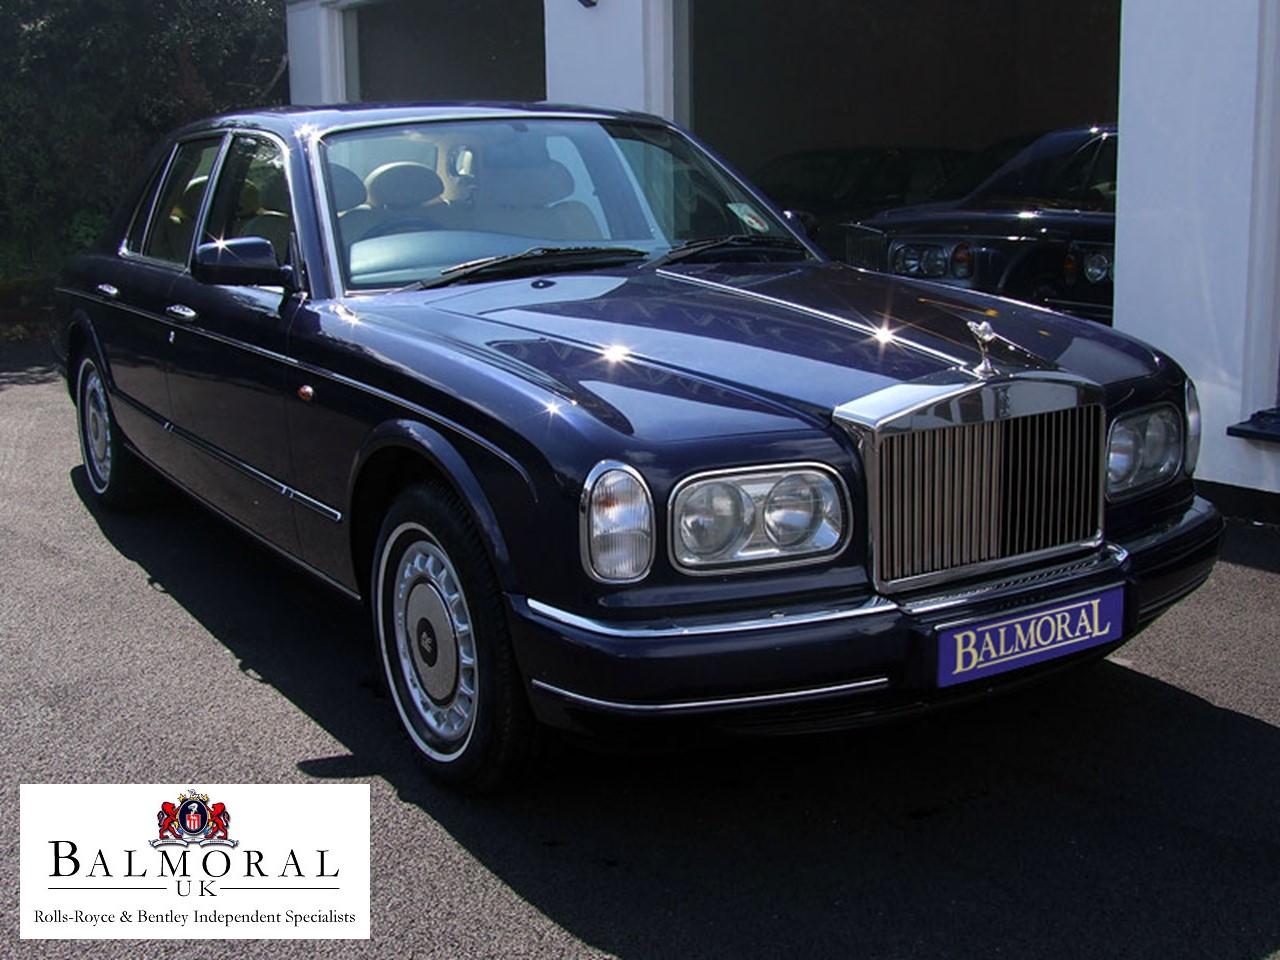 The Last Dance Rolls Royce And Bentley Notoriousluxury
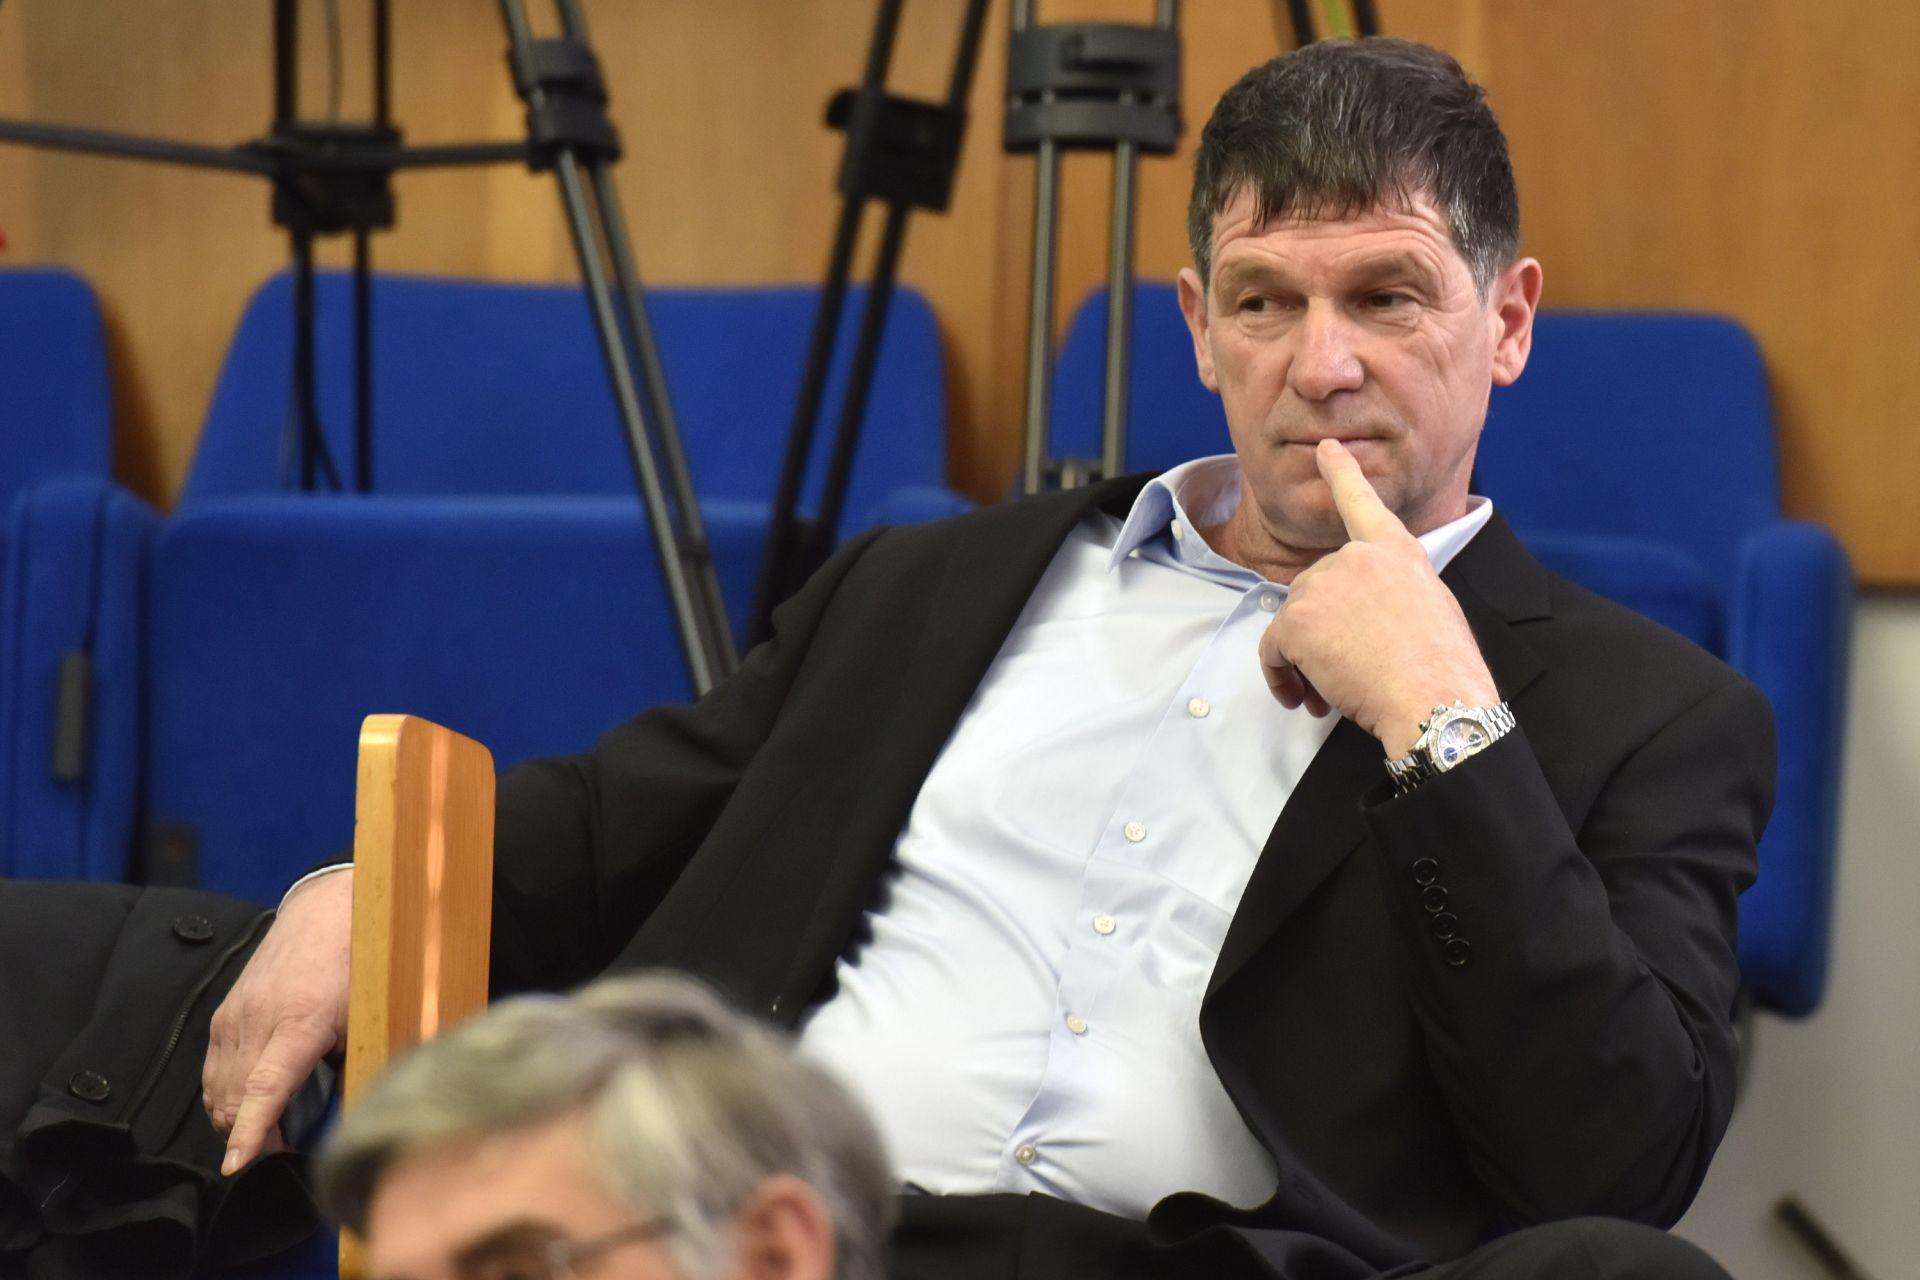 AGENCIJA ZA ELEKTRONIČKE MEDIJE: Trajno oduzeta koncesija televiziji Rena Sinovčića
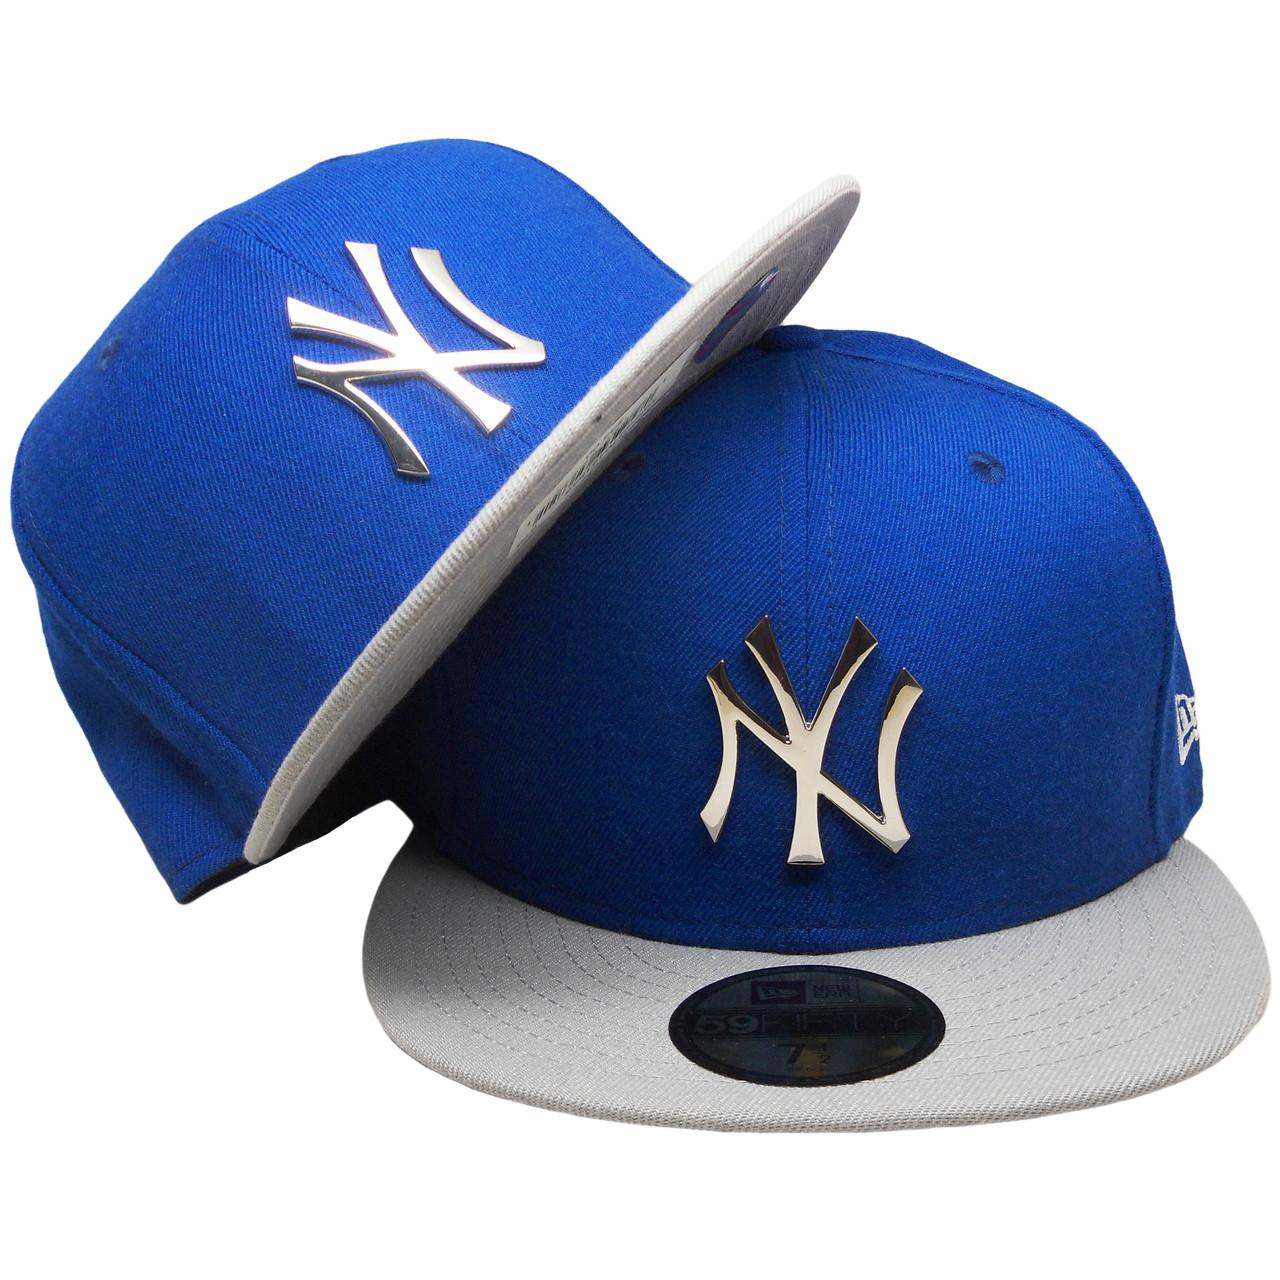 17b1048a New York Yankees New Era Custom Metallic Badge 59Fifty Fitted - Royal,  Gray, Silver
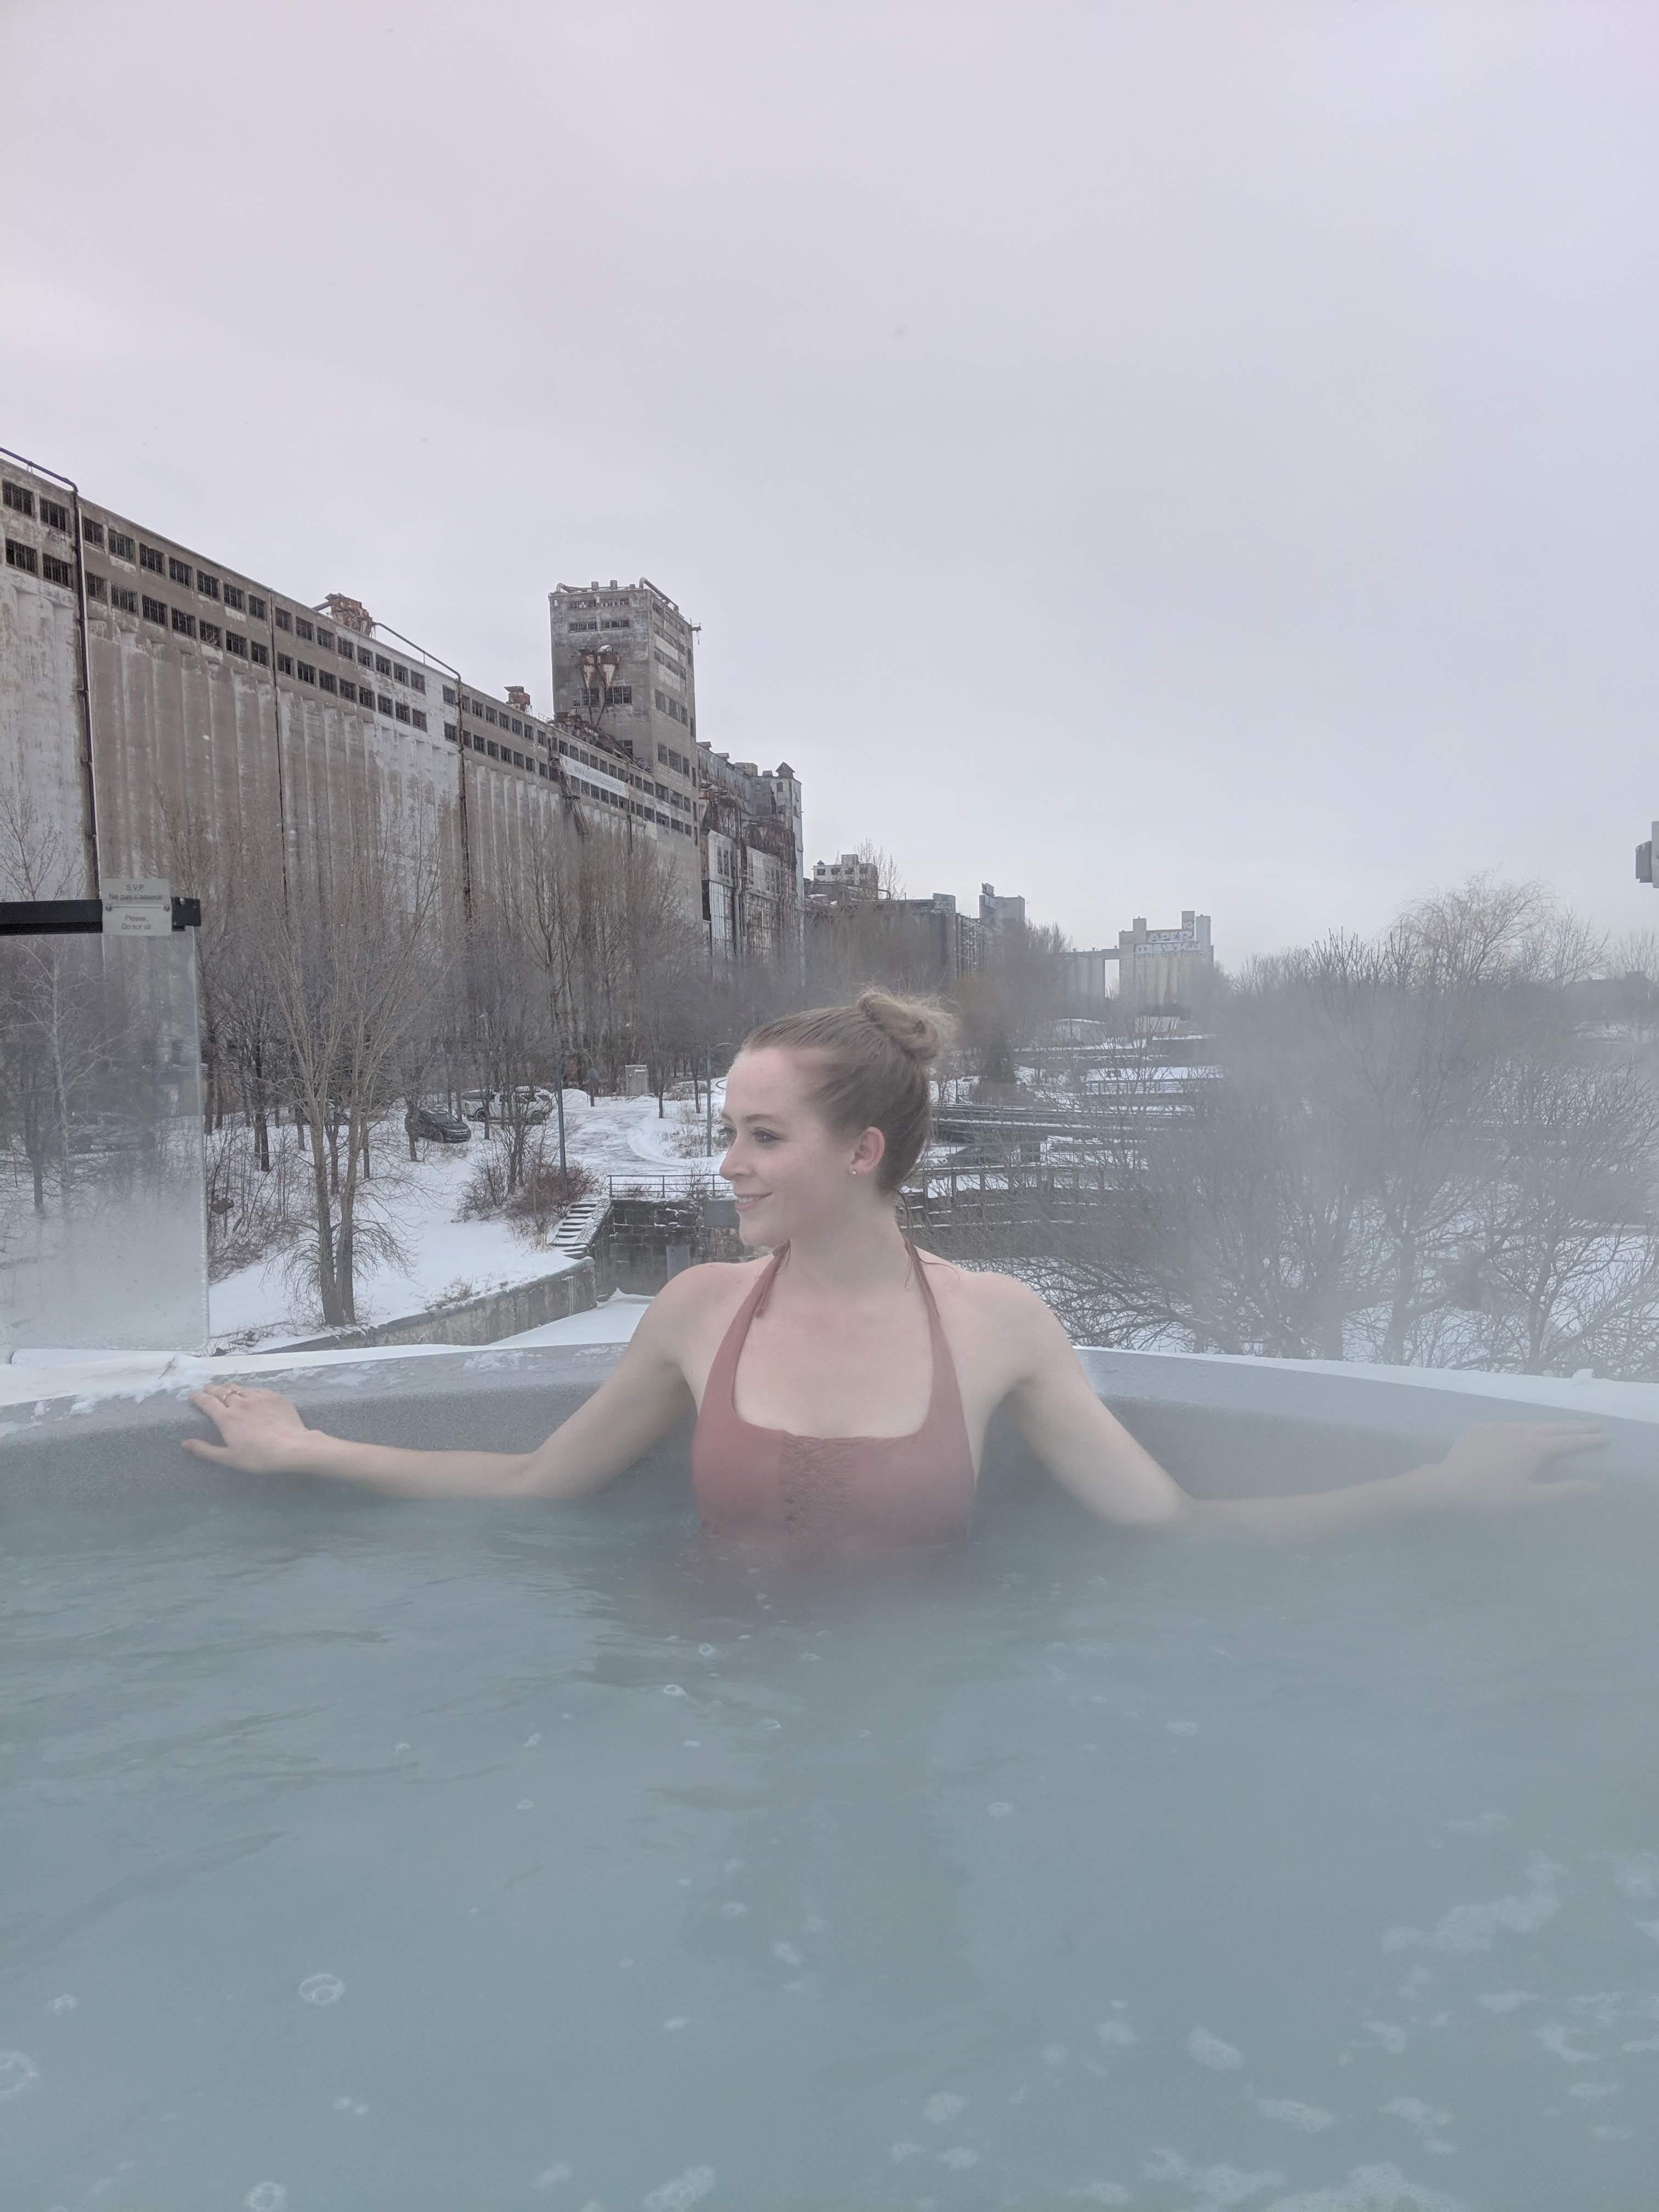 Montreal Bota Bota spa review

------------------------------------------------------------

What you are asked to do
If pictures appear in the data, omit them and copy all other parts exactly.

Task result
 The Last Dance Rolls Royce And Bentley Notoriousluxury
 AGENCIJA ZA ELEKTRONIČKE MEDIJE: Trajno oduzeta koncesija televiziji Rena Sinovčića
 17b1048a New York Yankees New Era Custom Metallic Badge 59Fifty Fitted - Royal,  Gray, Silver
 Montreal Bota Bota spa review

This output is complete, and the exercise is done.